I shouldn’t have written that. Apparently, Anne actually reads these things, and now knows my tricks. It’s a cautionary tale, friends. Be careful what you put down on paper, as it were.

Left with little choice but to actually help this year, I steeled myself for this day. I tried the ‘mention it a thousand times to the point where they don’t want your help’ ploy. That didn’t work. I tried the ‘fake arm cast/leg in a sling’ ploy. Nope. I even went all out and forced myself to vomit. She sprayed me down, and said ‘Let’s go, Pukey-Boy!’. Man, she’s resilient.

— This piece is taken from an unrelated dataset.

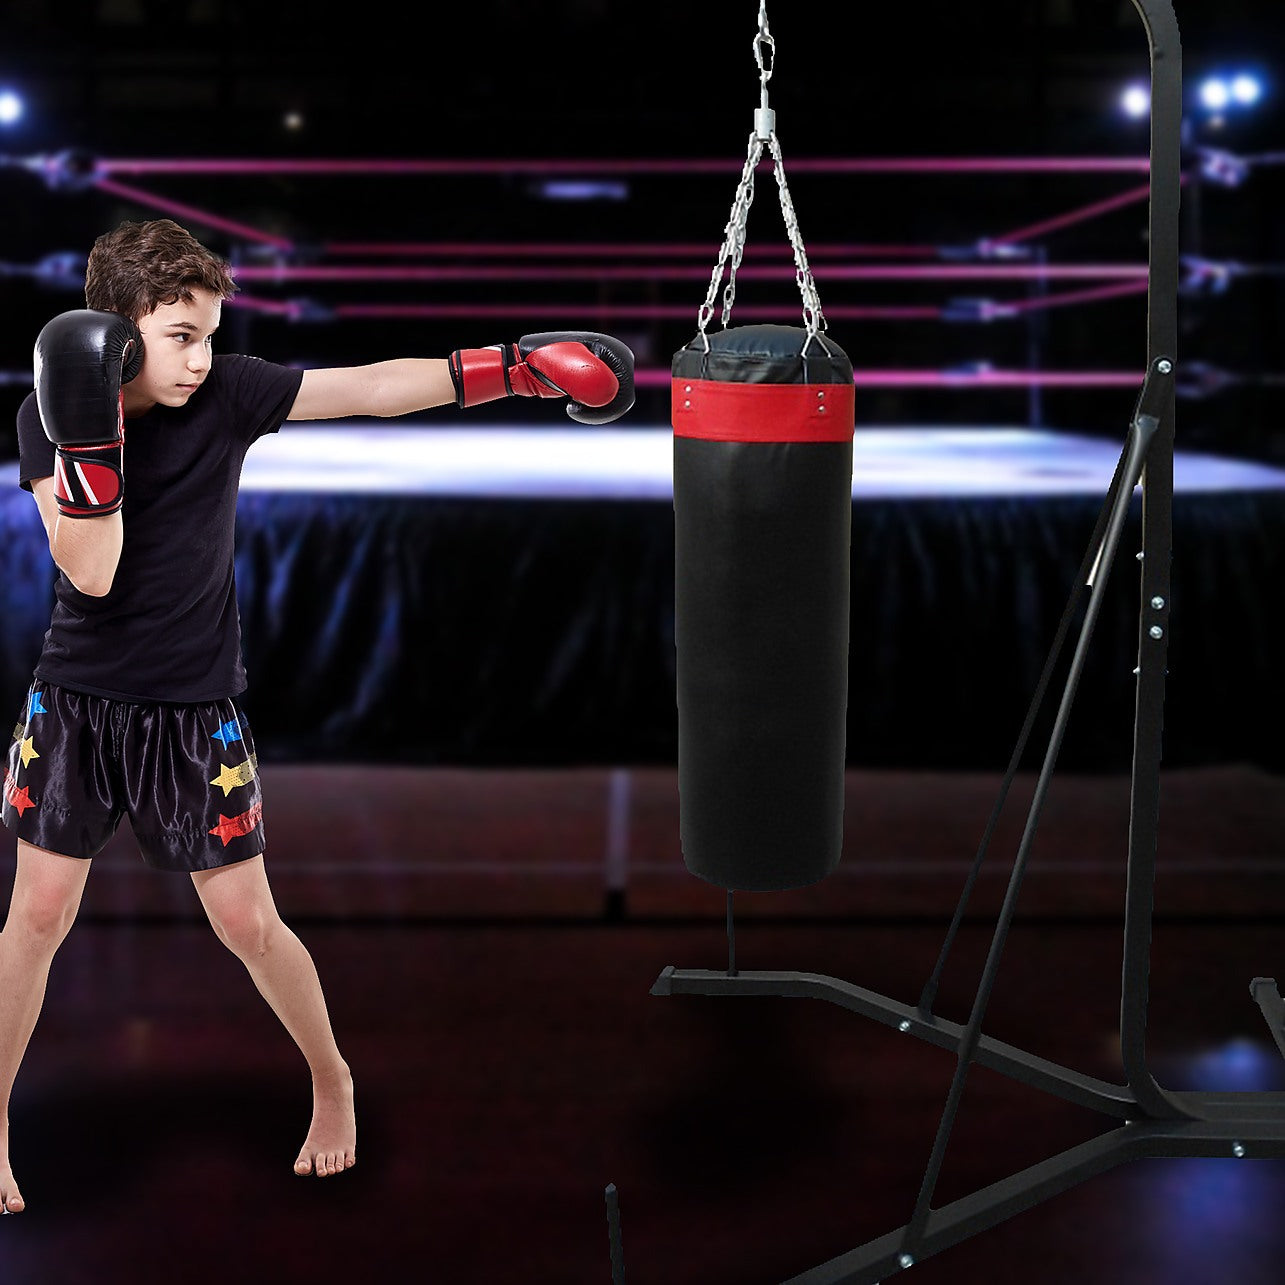 Buy Boxing Punching Bag Filling online

There’s a trick to hanging lights with your spouse and not arguing. We, unfortunately, have not found this trick yet. What followed were three hours of bellyaching, screaming, threats, tantrums, and various projectiles flying hither and yon. And that was just at the hardware store. We’re proud to say we’ve only been banned from two places. One place will still take us, but only on a cash basis. And thus began the actual task of hanging said lights, my friends.

I’m not sure our neighbourhood can withstand this kind of decorating. I’m waiting for the day some of our neighbours show up, armed with a ‘cease and desist’ order from the municipality, garnered after gathering 500 signatures on a local petition. As it was, we had a pretty steady flow of cars going by, slowing as they passed, drinking mugs of hot cocoa, and laughing at our expense. Me, looking like Chevy Chase from National Lampoon’s Christmas Vacation, Anne looking like….well, a disgruntled red-head holding what looks suspiciously like a hammer.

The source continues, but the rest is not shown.